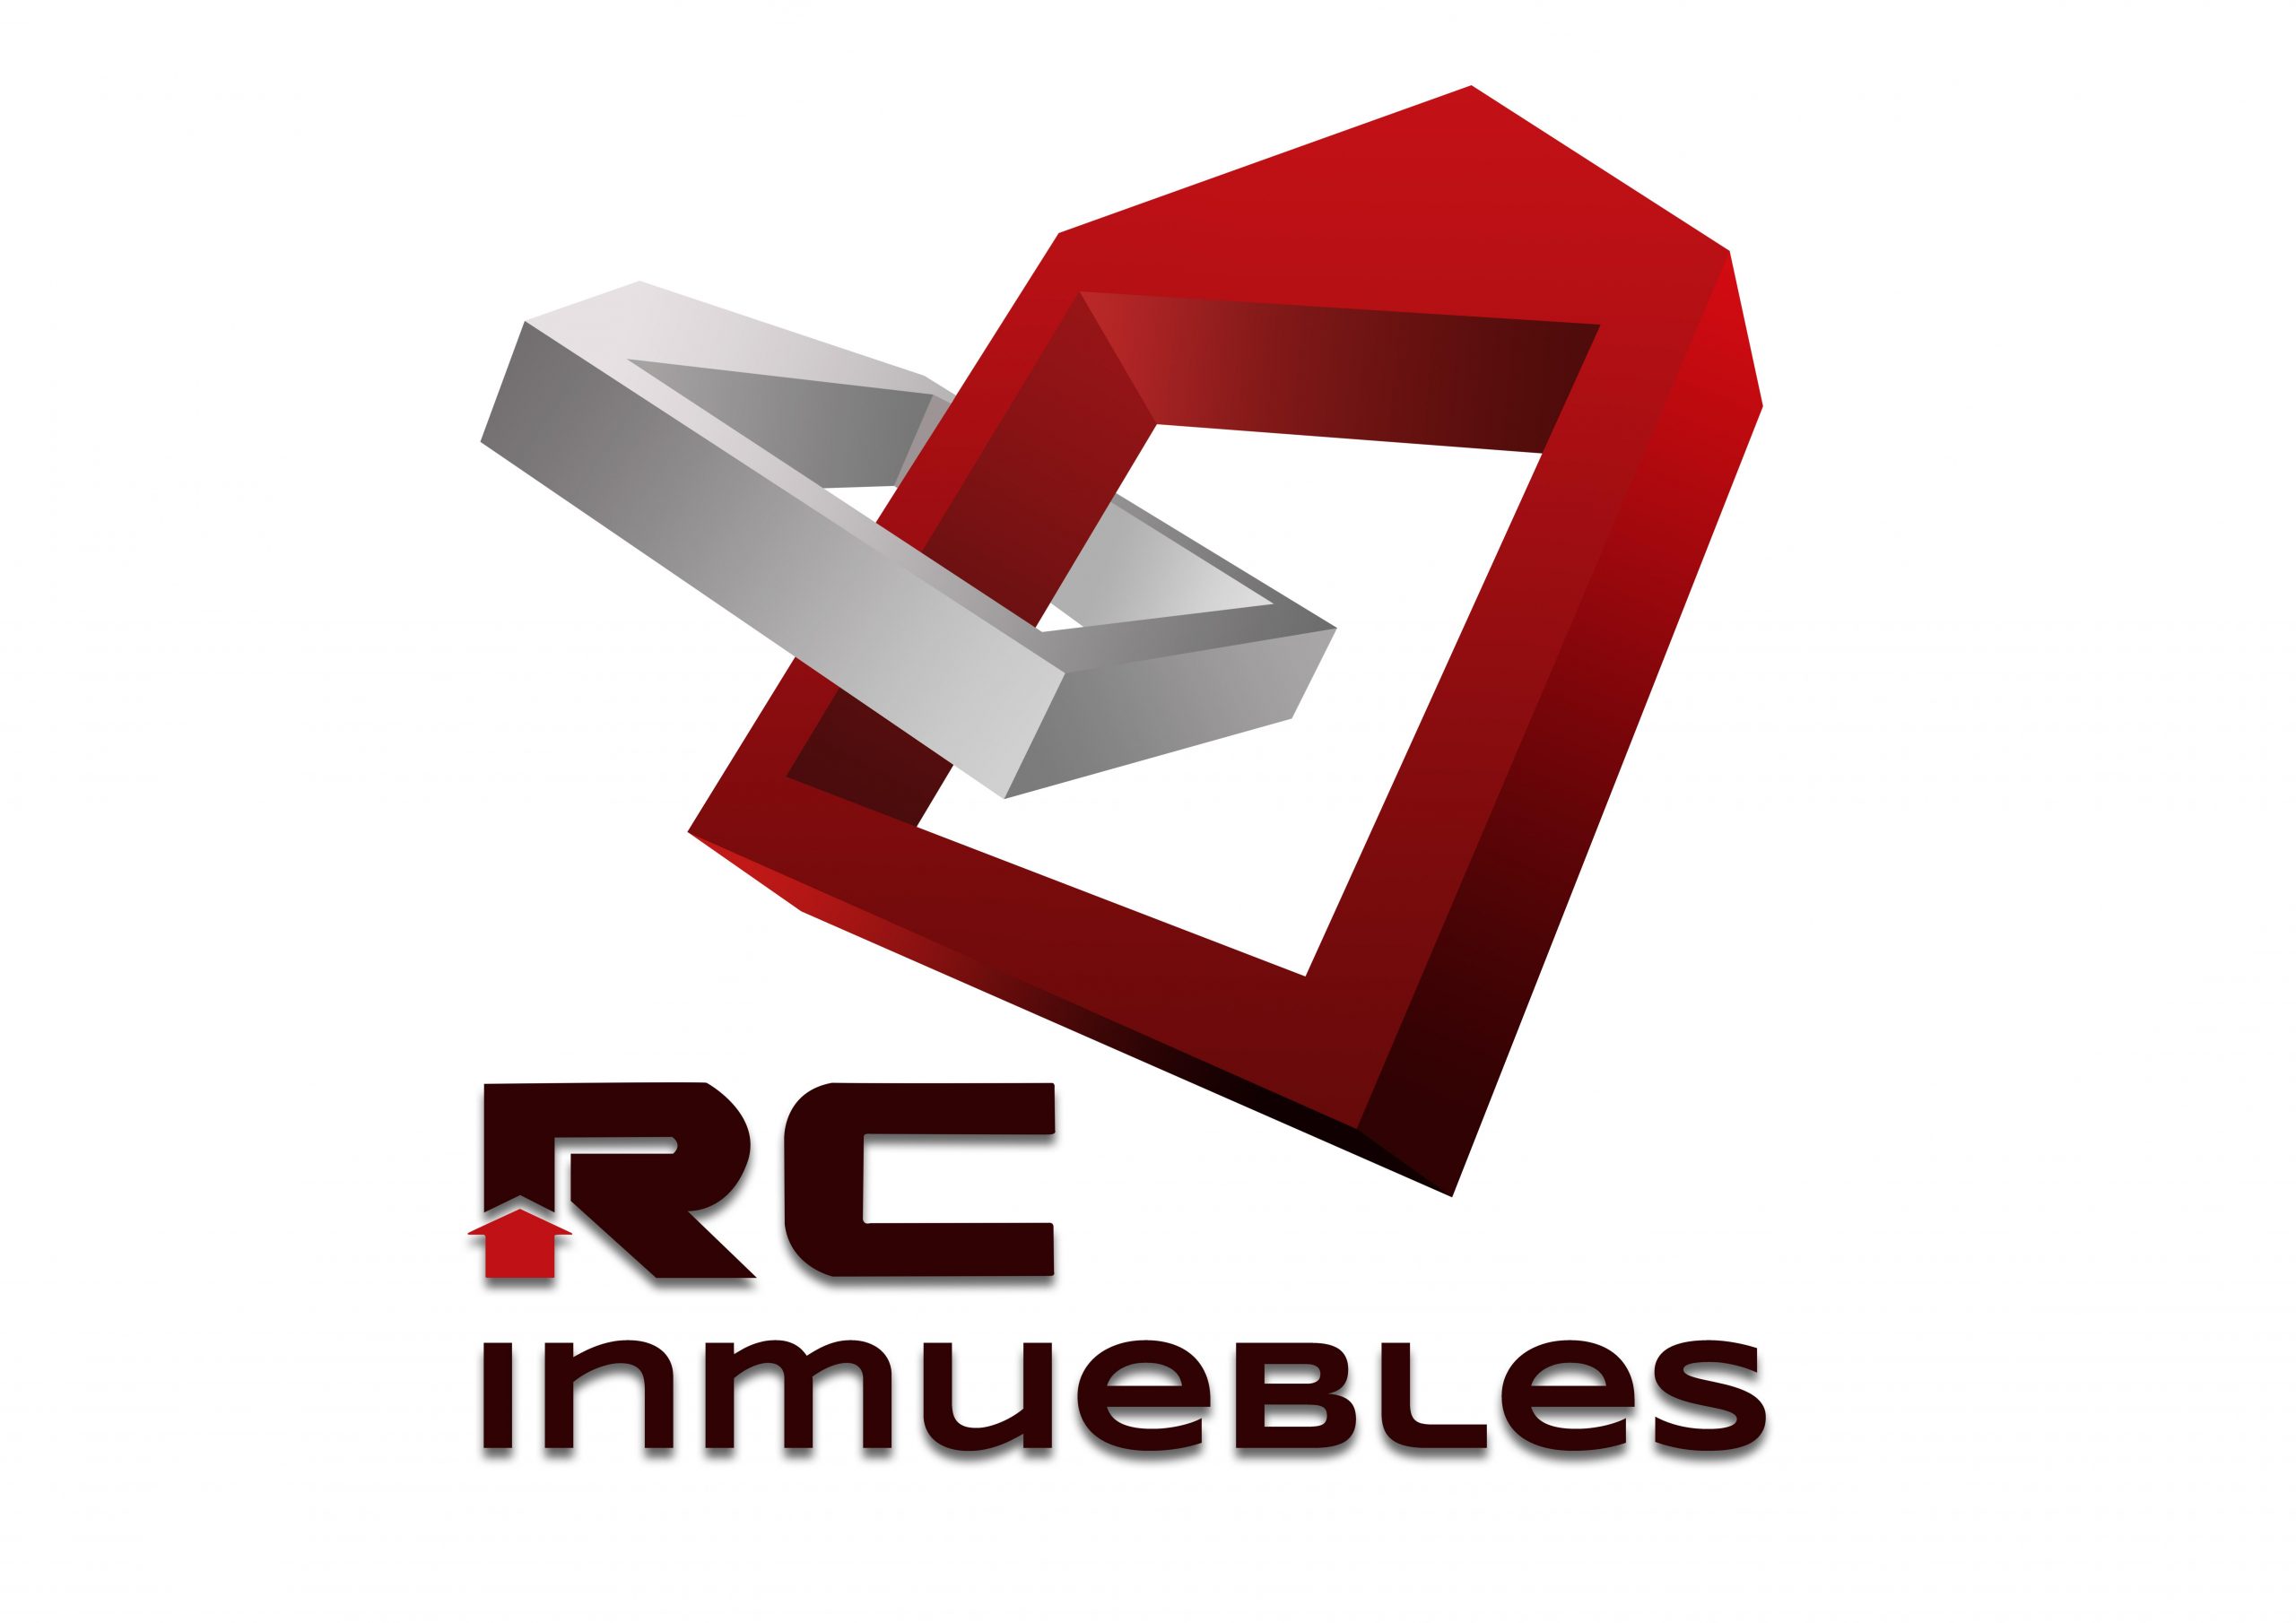 RC Inmuebles
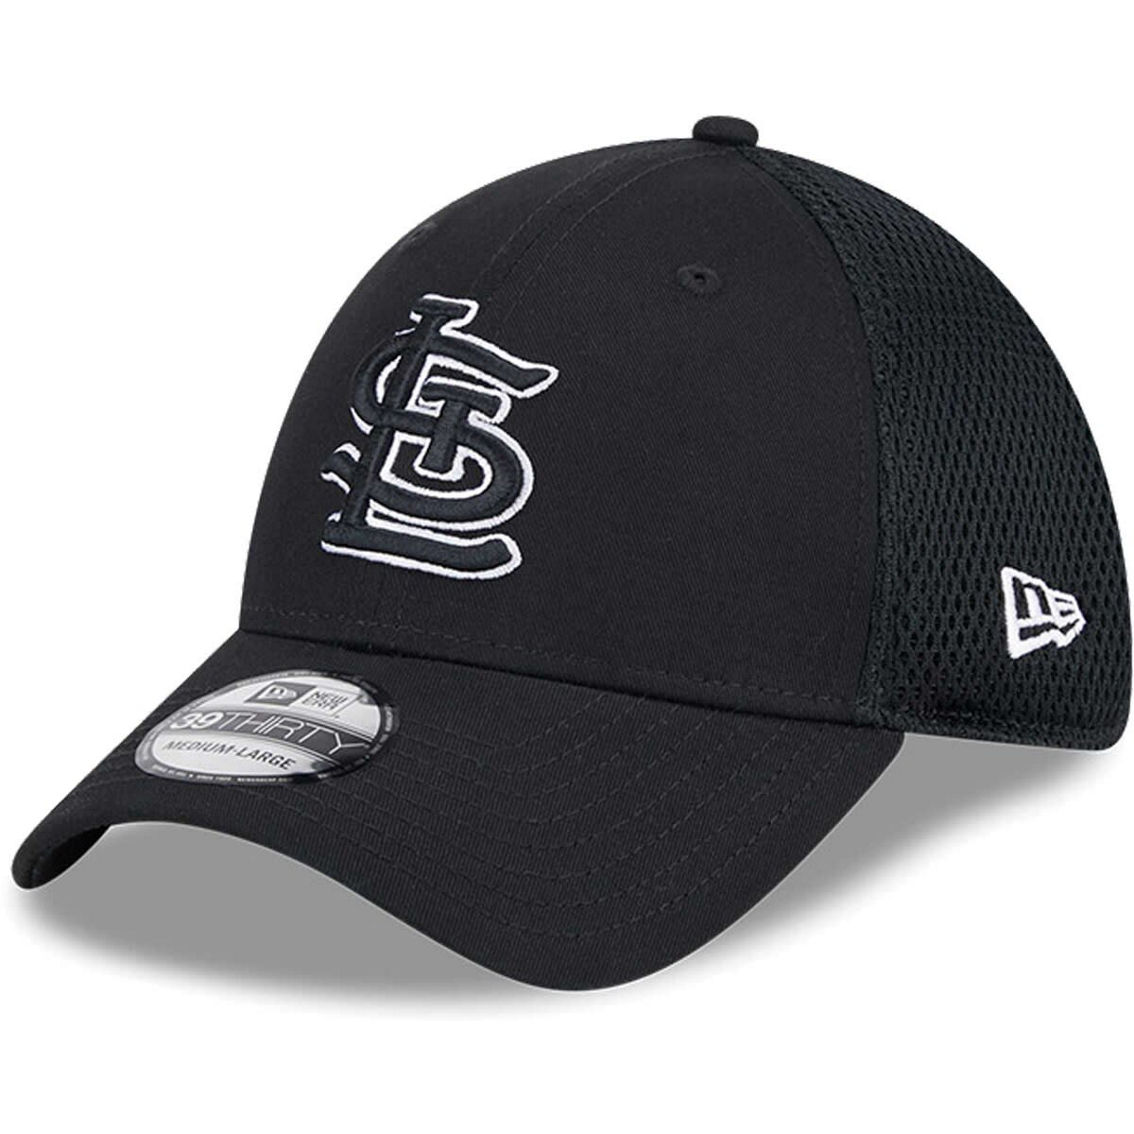 New Era Men's St. Louis Cardinals Evergreen Black & White Neo 39THIRTY Flex Hat - Image 2 of 4
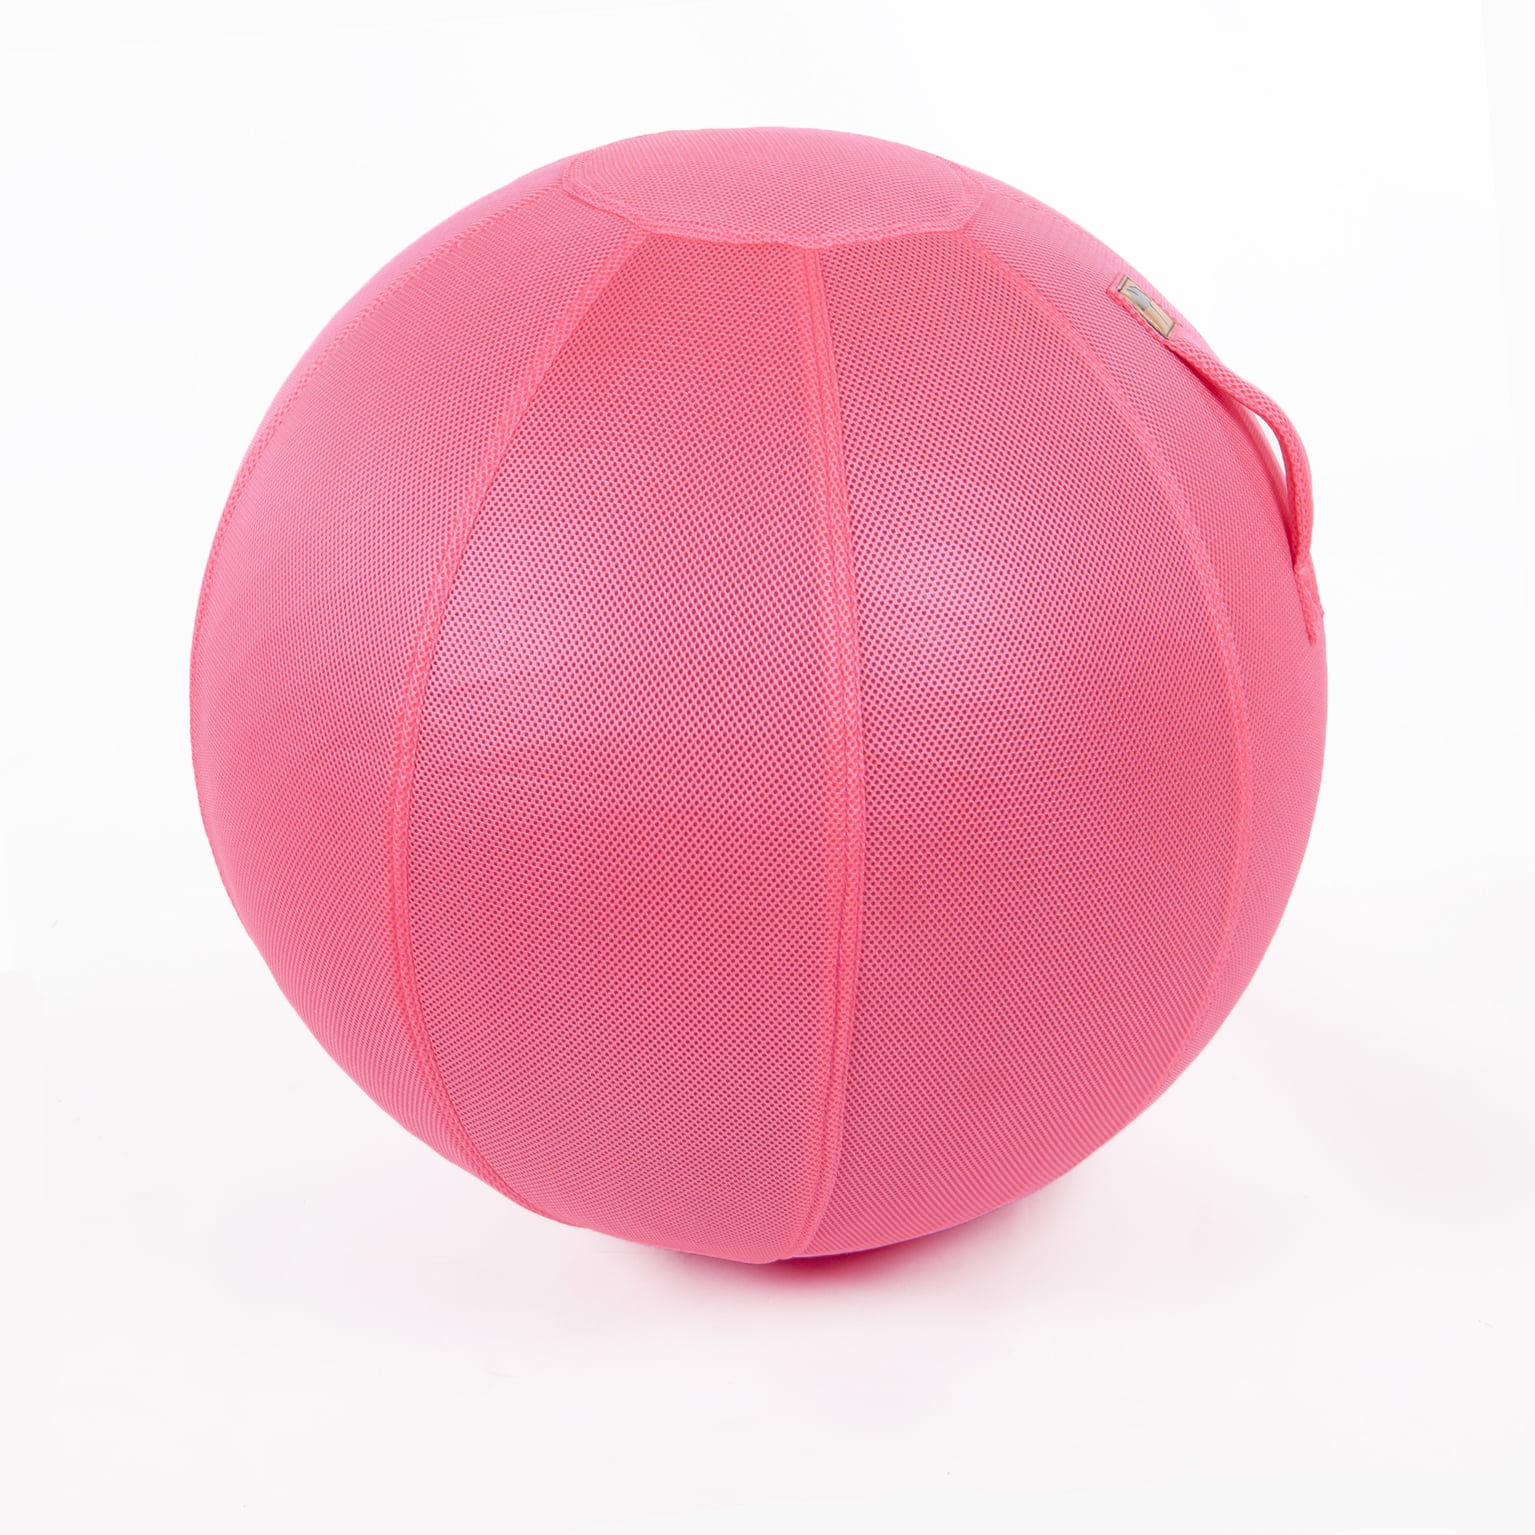 Zen Ball Mesh Pink Neon
—————
§ **Task**
Leave the pictures out. Otherwise, output the listing above exactly.

§ **Result below**
 RC Inmuebles
 New Era Men's St. Louis Cardinals Evergreen Black & White Neo 39THIRTY Flex Hat - Image 2 of 4
 Zen Ball Mesh Pink Neon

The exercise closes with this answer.